§ Record excerpts
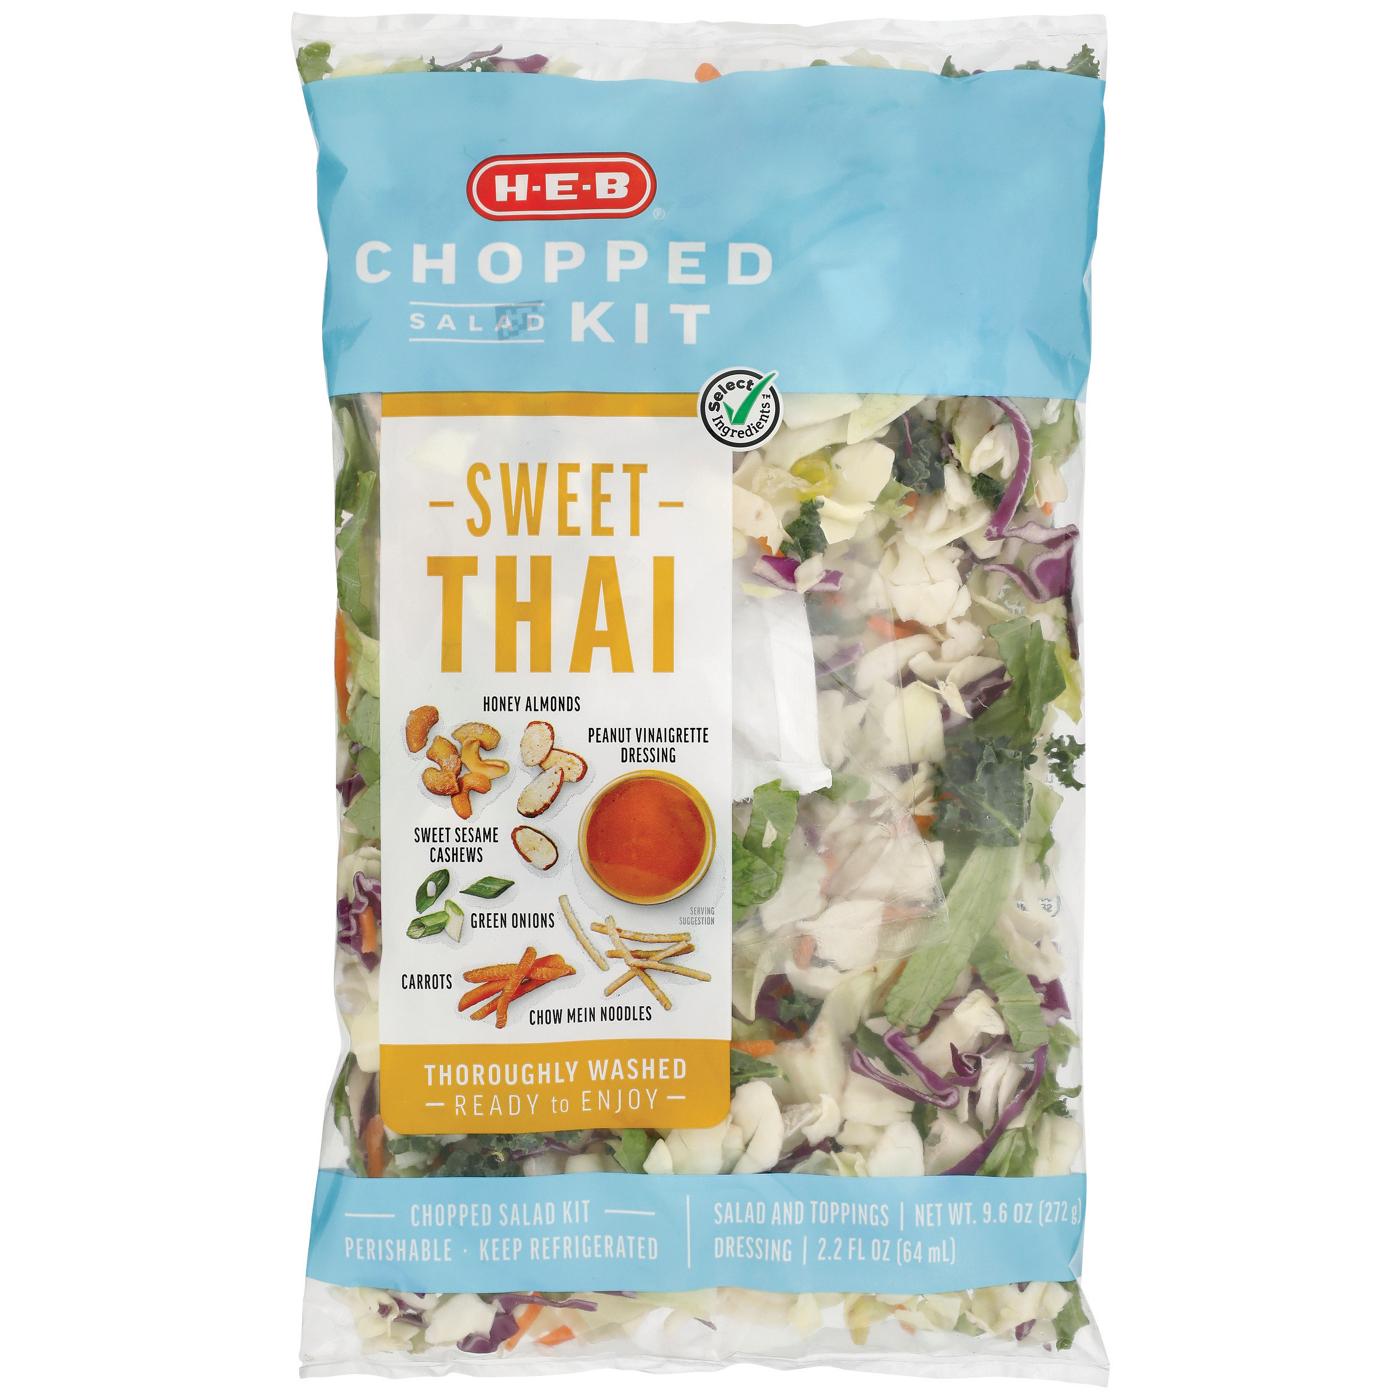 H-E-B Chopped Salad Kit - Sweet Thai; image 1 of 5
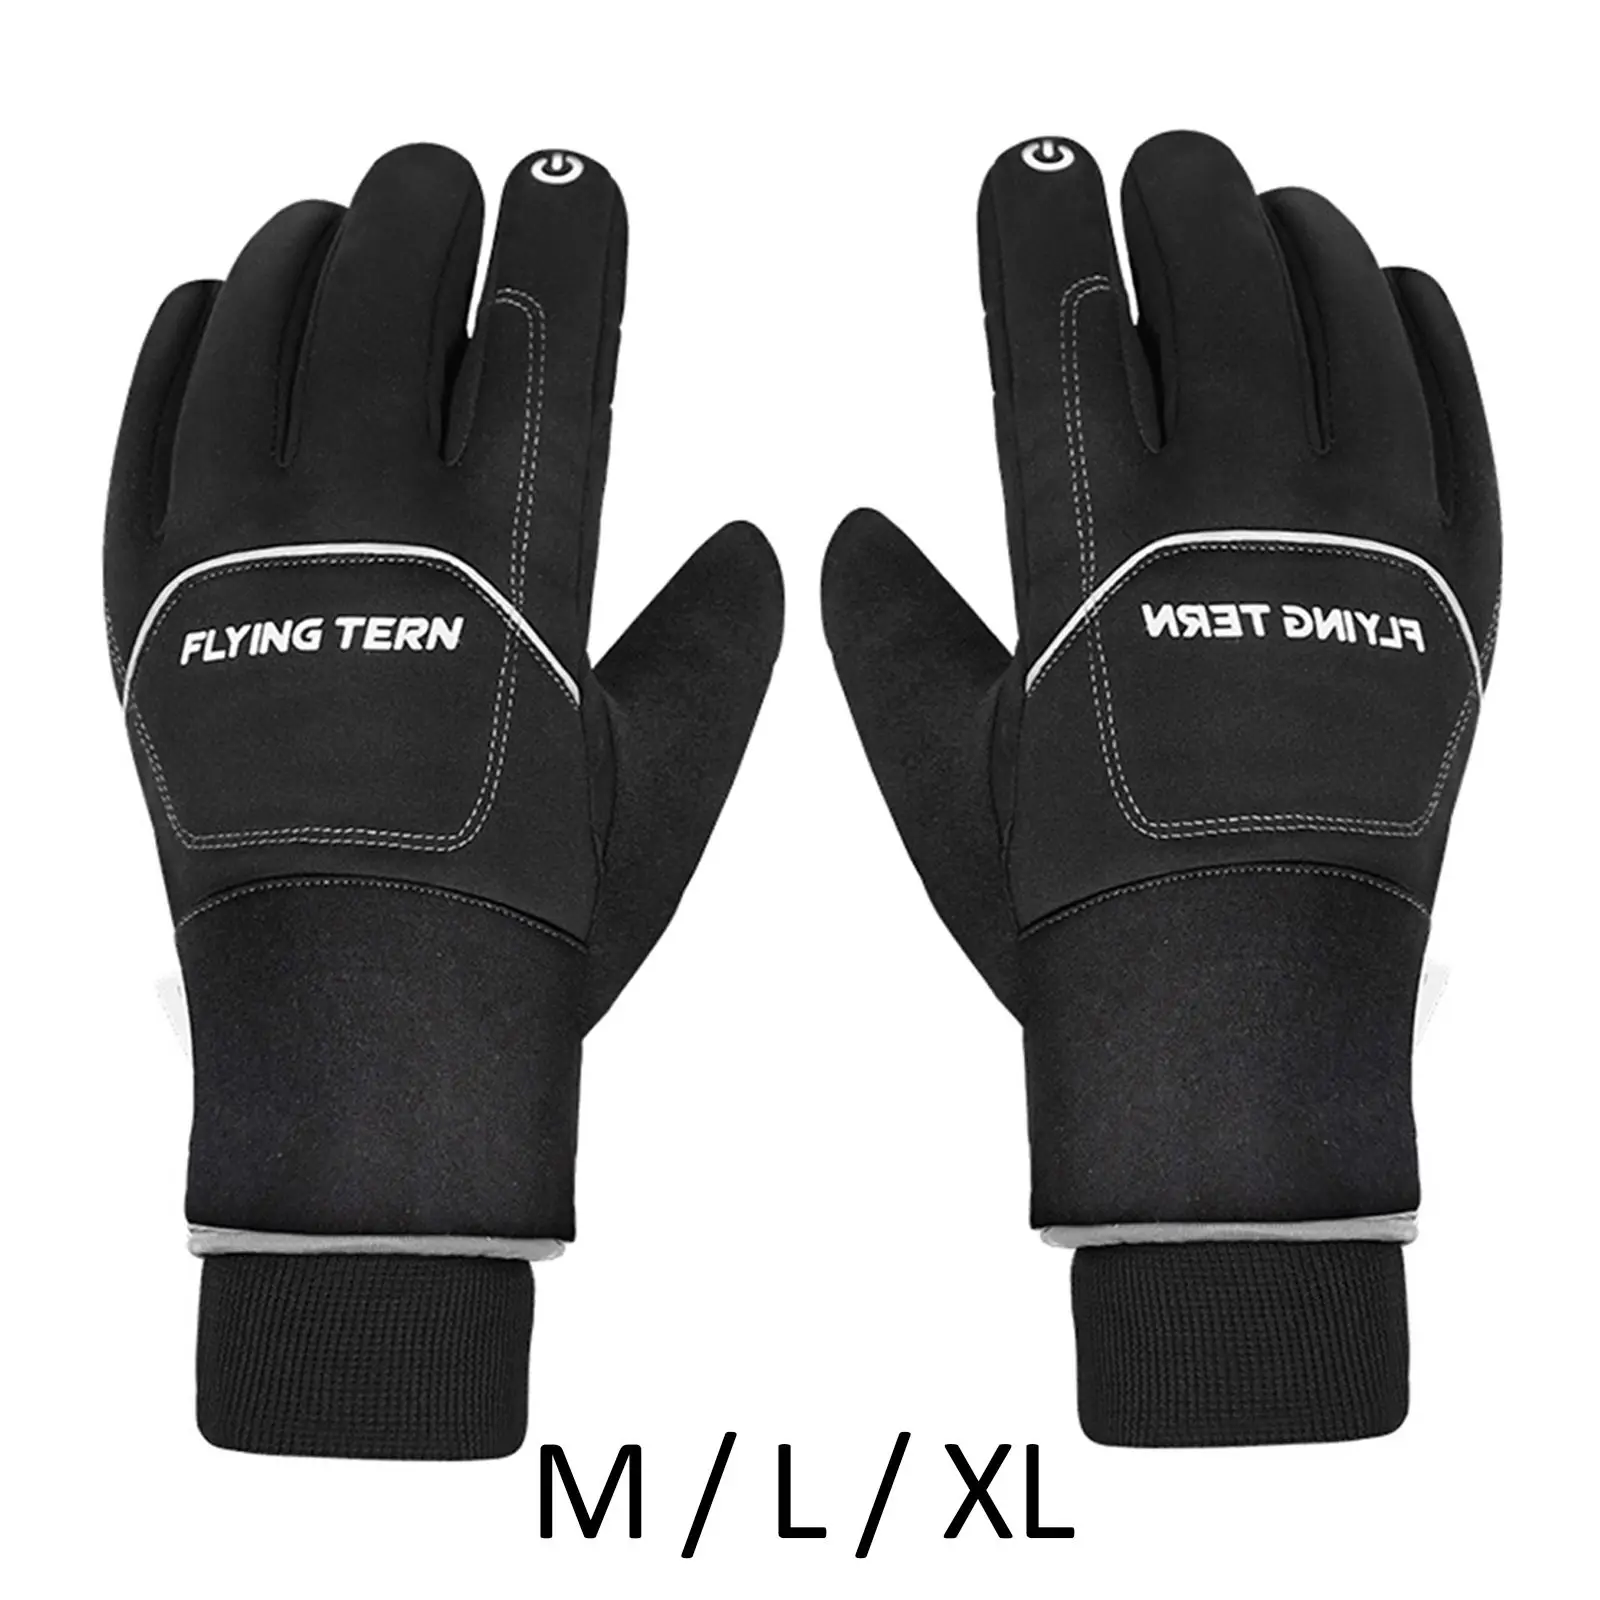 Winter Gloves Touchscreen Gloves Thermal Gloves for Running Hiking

==

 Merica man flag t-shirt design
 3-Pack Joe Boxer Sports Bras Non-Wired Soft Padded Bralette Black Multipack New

§ About this exercise
Of the records above, print only the lines from the one containing "H-E-B Chopped Salad" through the one containing "Winter Gloves Touchscreen", inclusive and unaltered, leaving out pictures.

§ Response to this exercise
 H-E-B Chopped Salad Kit - Sweet Thai; image 1 of 5
 Winter Gloves Touchscreen Gloves Thermal Gloves for Running Hiking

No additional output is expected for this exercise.